Miguel Ríos vuelve a ponerse el mono de trabajo con ‘Maneras de vivir’ (que popularizó y divulgó más que los propios Leño al incluirla en su «Rock & Ríos»), pero le falta salpimentarla con un poquito más de garra y pulsión. Ruibal consigue un excelente resultado con ‘Calendario’. Los chicos de Pereza y Burning aúnan creatividad y se enfrascan con chulería de barrio y sonido stoniano en ese tema de principios fundacionales que es ‘No voy más lejos’, ralentizado en esta relectura. Edith Salazar roza lo sublime con ‘La nana’. Esta mujer posee una voz prodigiosa para crear una potente atmósfera emocional de un tema que ya de por sí te toca la fibra, más aún al recordar que esta canción la cantaba el tristemente fallecido Chiqui Mariscal. La Shica hace bueno el título de ‘Sorprendente’ para orillar ese tema hacia sonidos electrónicos y evocadora dulcificación chill out. Marcela Ferrari convierte en tango ‘Mientras tanto’, una de mis temas favoritos cuya revisión le quita chispa y gracia. Dwomo se regodea en la excentricidad con ‘Cucarachas’. Raúl Rodríguez muestra su virtuosismo de la guitarra clásica en ‘Se acabó’. El Bardo le da una cadencia movidita a la originalmente apaciguada ‘Insisto’.
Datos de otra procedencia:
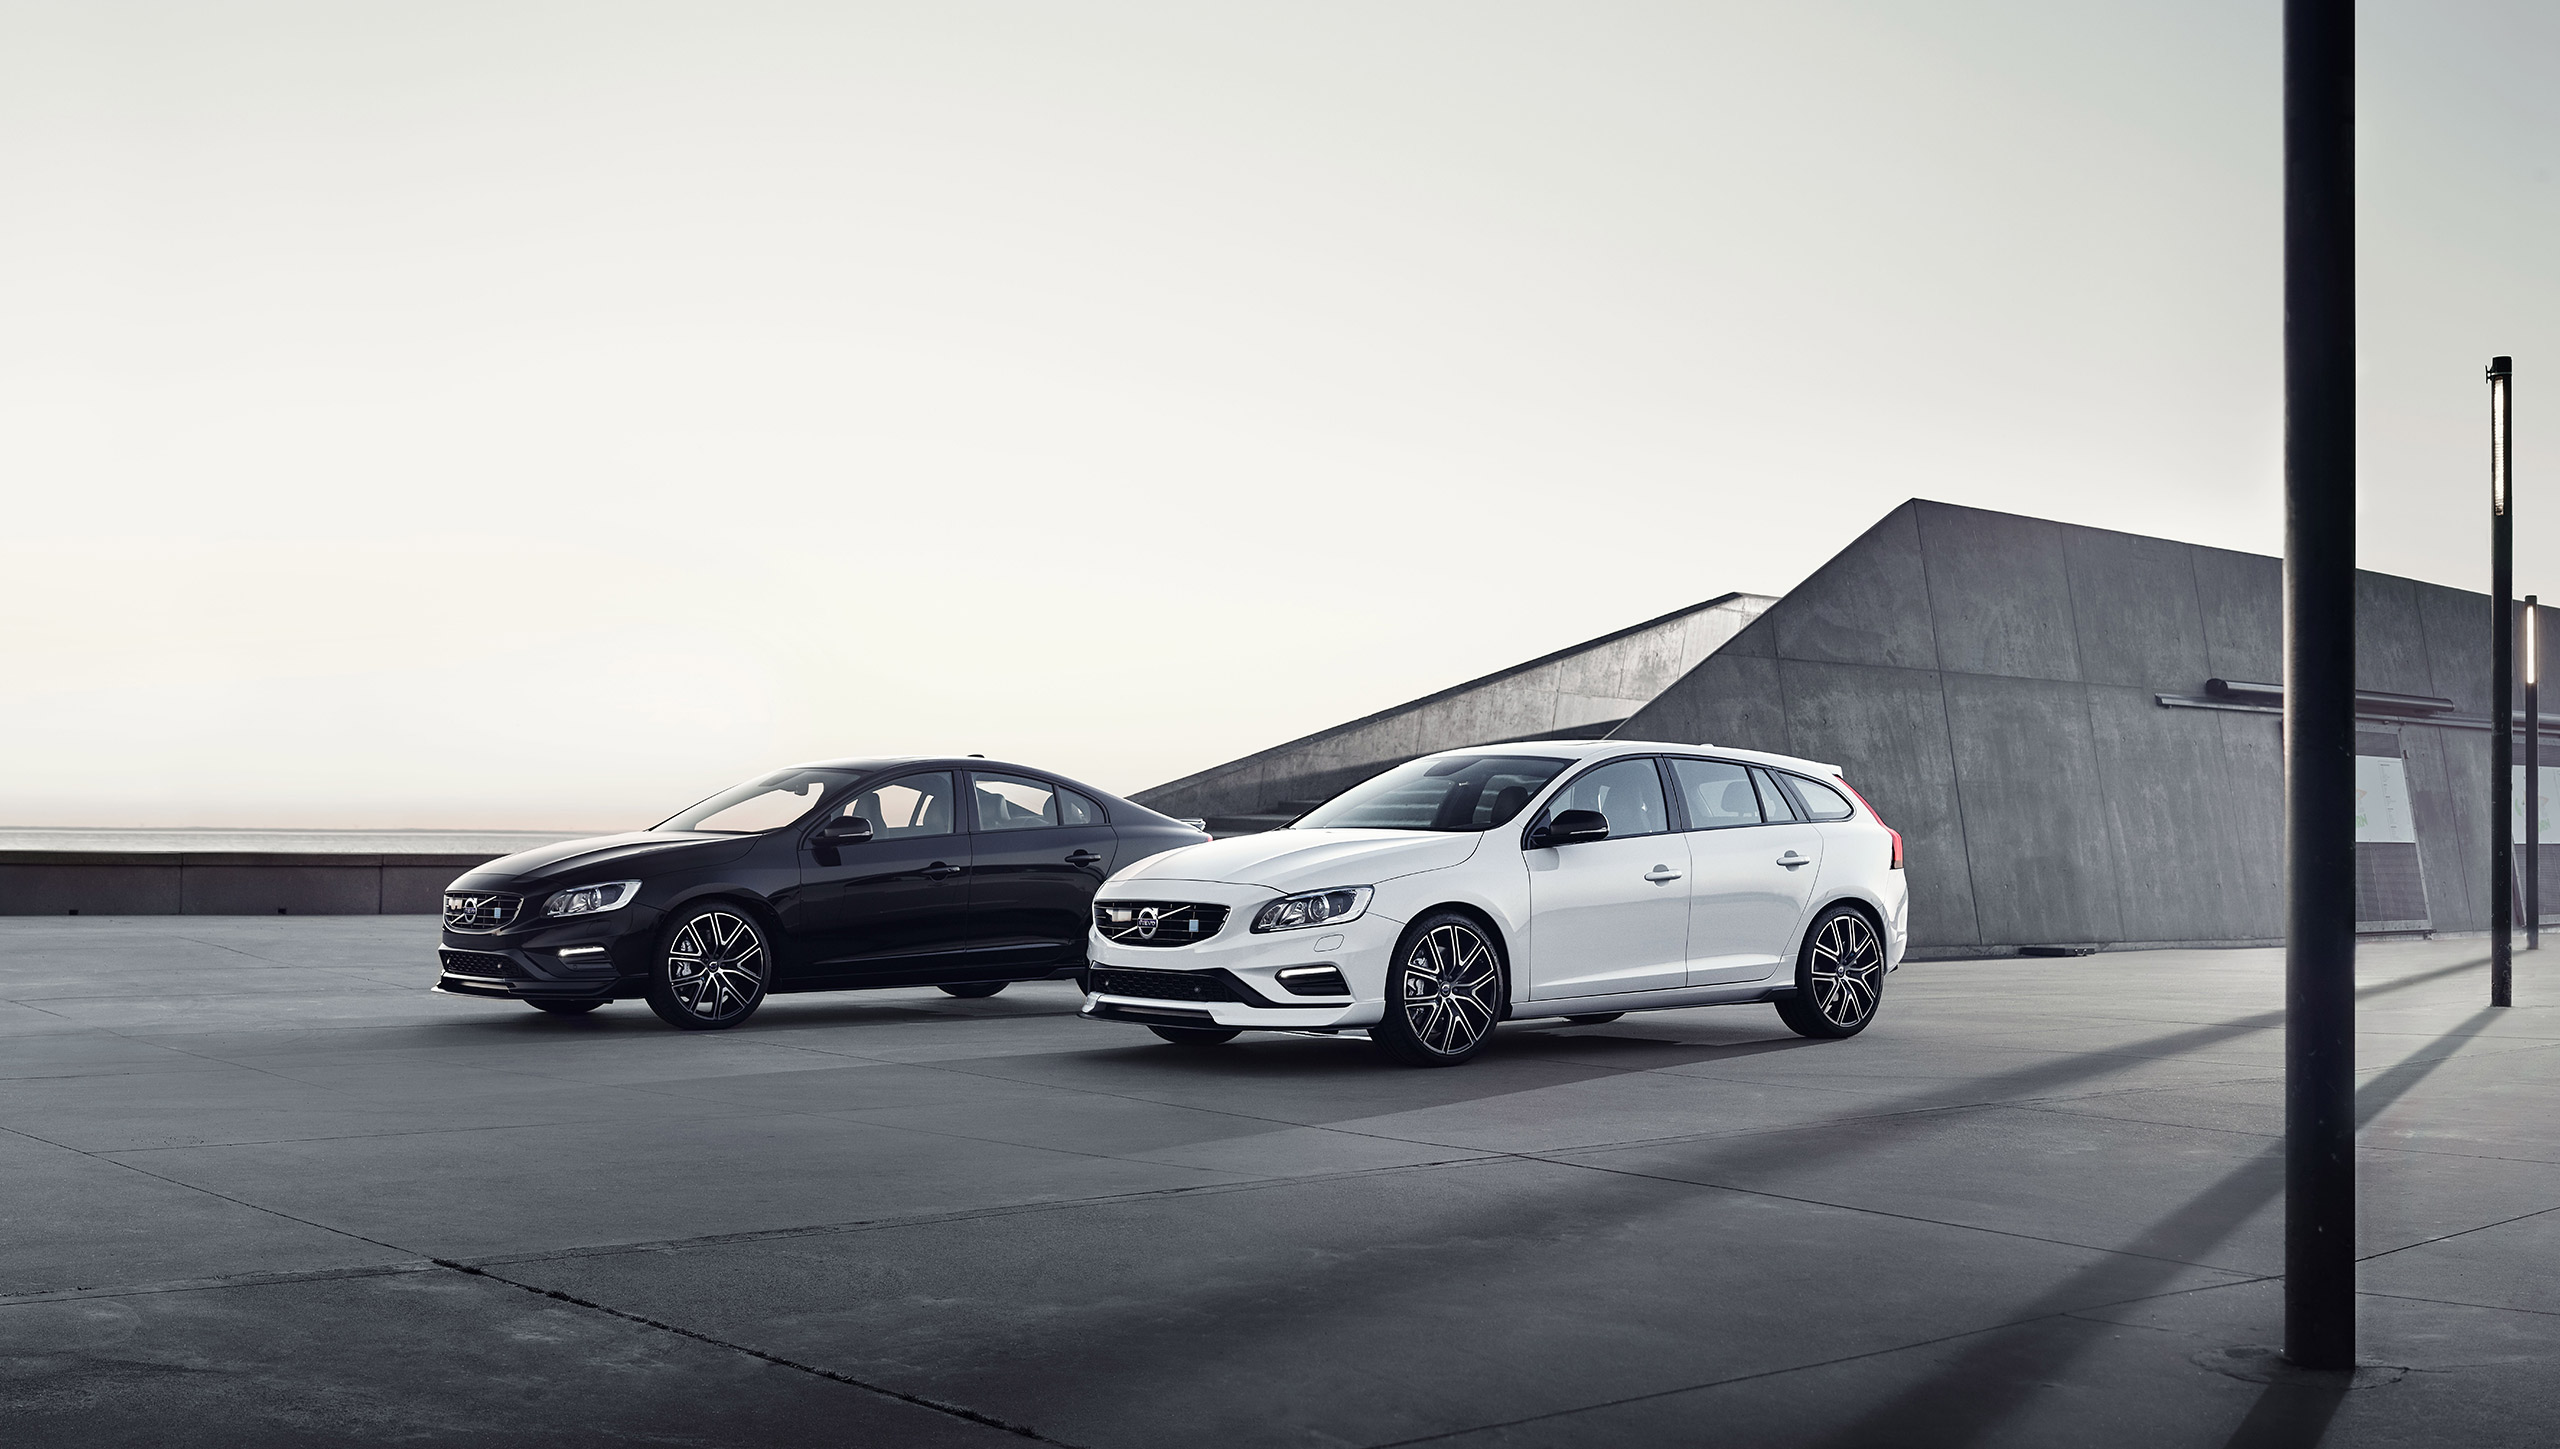 Musta Volvo S60 ja valkoinen Volvo V60 parkissa tasanteella, takana geometrinen betonirakennus.

Celtas Cortos envuelven de melancolía y flautas la originariamente retadora y macarrilla ‘La noche de que te hablé’. También aportan flautas Mago de Oz en el temazo ‘Qué desilusión’. La voz de los sin nadie cumplen correctamente con ‘Lo que acabas de elegir’. Los noveles Más Madera abrevian ‘Castigo’ y lo estandarizan con rabia. Salida Nula muta en ska la probablemente canción más propicia para ello, ‘Apágalas’. También han sido convocados dos grupos cuya vida consiste precisamente en versionar temas de Leño. Ahí están La Leñera con ‘No lo entiendo’, y Maneras de Vivir con ‘Corre, corre’. Los dos combos releen con corrección y fiereza el repertorio de sus ídolos. Boikot (‘No se vende el rock&roll’), Mojinos Escozíos (‘Qué tire la toalla’, con una bufonada sin gracia al incluir una alocución de Lopera) y Porretas (‘Sí señor, sí señor’) descorchan versiones previsibles pero entusiastas.

Este doble disco de presentación hermosa y muy cuidada se acompaña de un DVD muy completo que testimonia ampliamente las sesiones de grabación de las bandas participantes. Se echa en falta un documental ilustrado que ubique a Leño en su contexto histórico, que fotografíe los contornos exactos del rock en aquellos años, que explique por qué fueron tan grandes y por qué dieron a luz un legado con rasgos tan definitorios. Somos hijos de nuestro tiempo más que de nuestros padres, y un reportaje que diera fe del tiempo que le tocó vivir a Leño hubiese sido la guinda de este hermoso pastel. Todo lo demás es inobjetable. El homenajeado se merecía algo así. Larga vida a Leño.